Jefferies reiterated a Buy and $30.00 price target on Sarepta (SRPT) and the company plans to submit two supplemental NDAs by end‑April to convert accelerated approvals for AMONDYS 45 and VYONDYS 53 to traditional approvals, with FDA decisions expected by Feb 2027; Jefferies estimates the conversion could move the stock 15–25%. Shares trade at $16.79 (down ~79% over the past year) despite combined 2025 sales of $425M for AMONDYS/VYONDYS and Jefferies modeling Elevidys potential >$500M annually; InvestingPro analysts expect EPS of $4.06 for the year.

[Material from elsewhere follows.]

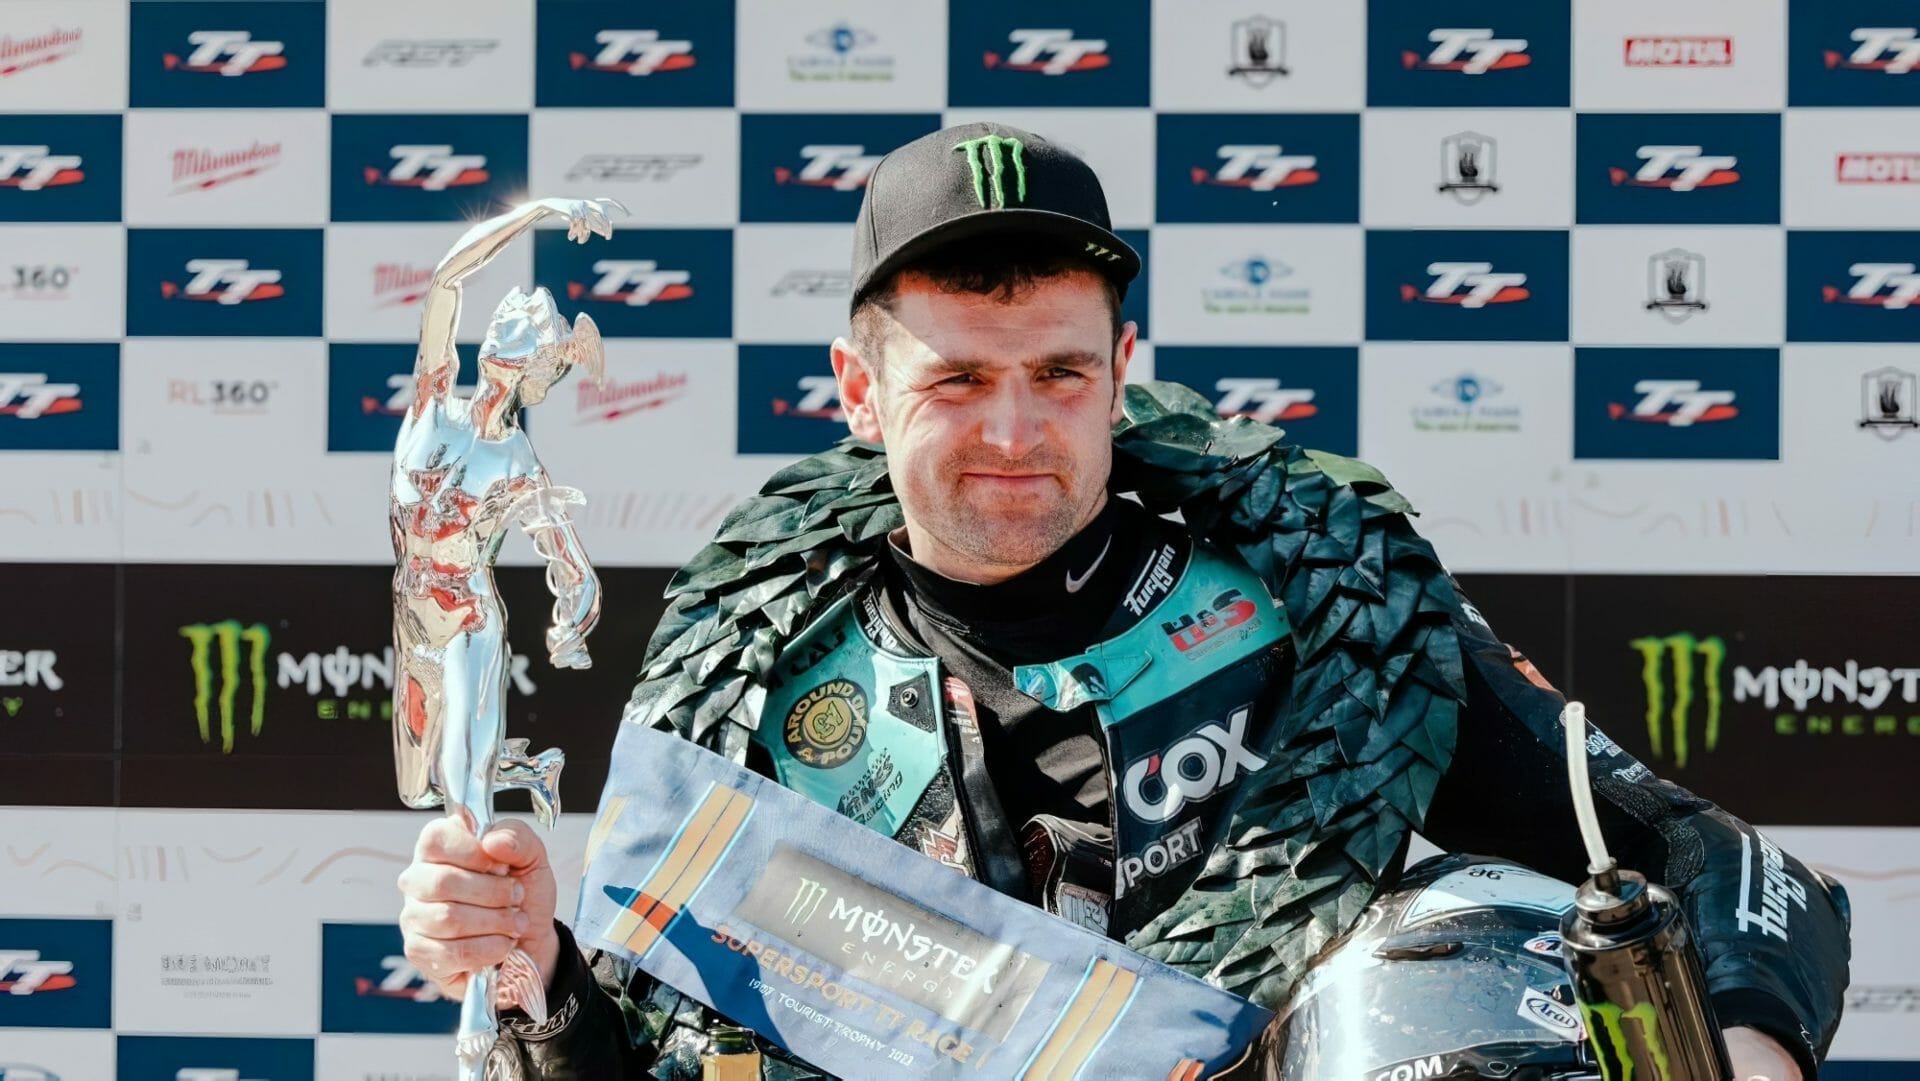 Michael Dunlop triumphs in opening race of Monster Energy Supersport TT

Mizuho raised its price target to $31 (Outperform) while Cantor Fitzgerald stayed Neutral but cut 2026 revenue estimates, and Sarepta has begun a sirolimus safety trial for ELEVIDYS to mitigate AAV-related liver injury ahead of upcoming Phase I/II siRNA data expected in 1H–2H 2026.

Analysis

The market is pricing this company as a high-volatility, binary biotech where de-risking events meaningfully compress the discount rate and reduce implied required returns. If upcoming regulatory and clinical datapoints are viewed as directional rather than binary, expect volatility to fall and relative multiples to expand — a 12–24 month window is realistic for a re-rating if adoption and label durability track clinical expectations. Second-order winners are the manufacturing and supply-chain providers for advanced modalities: capacity reallocation or ramp needs will shift margins toward specialized CDMOs and away from commoditized oligo producers, creating transient pricing power. Conversely, concentrated manufacturing creates single-point failure risk; any production hiccup would cascade into revenue misses and extended timelines for both core and follow-on programs. Key risks are classic for this space: an adverse safety signal or aggressive payer restrictions can reverse sentiment quickly, and these are identifiable weeks to months ahead of full commercial inflection. The consensus is somewhat optimistic on uptake and underestimates payer negotiation timelines; that makes measured, event-driven exposure attractive rather than full-blown conviction positions.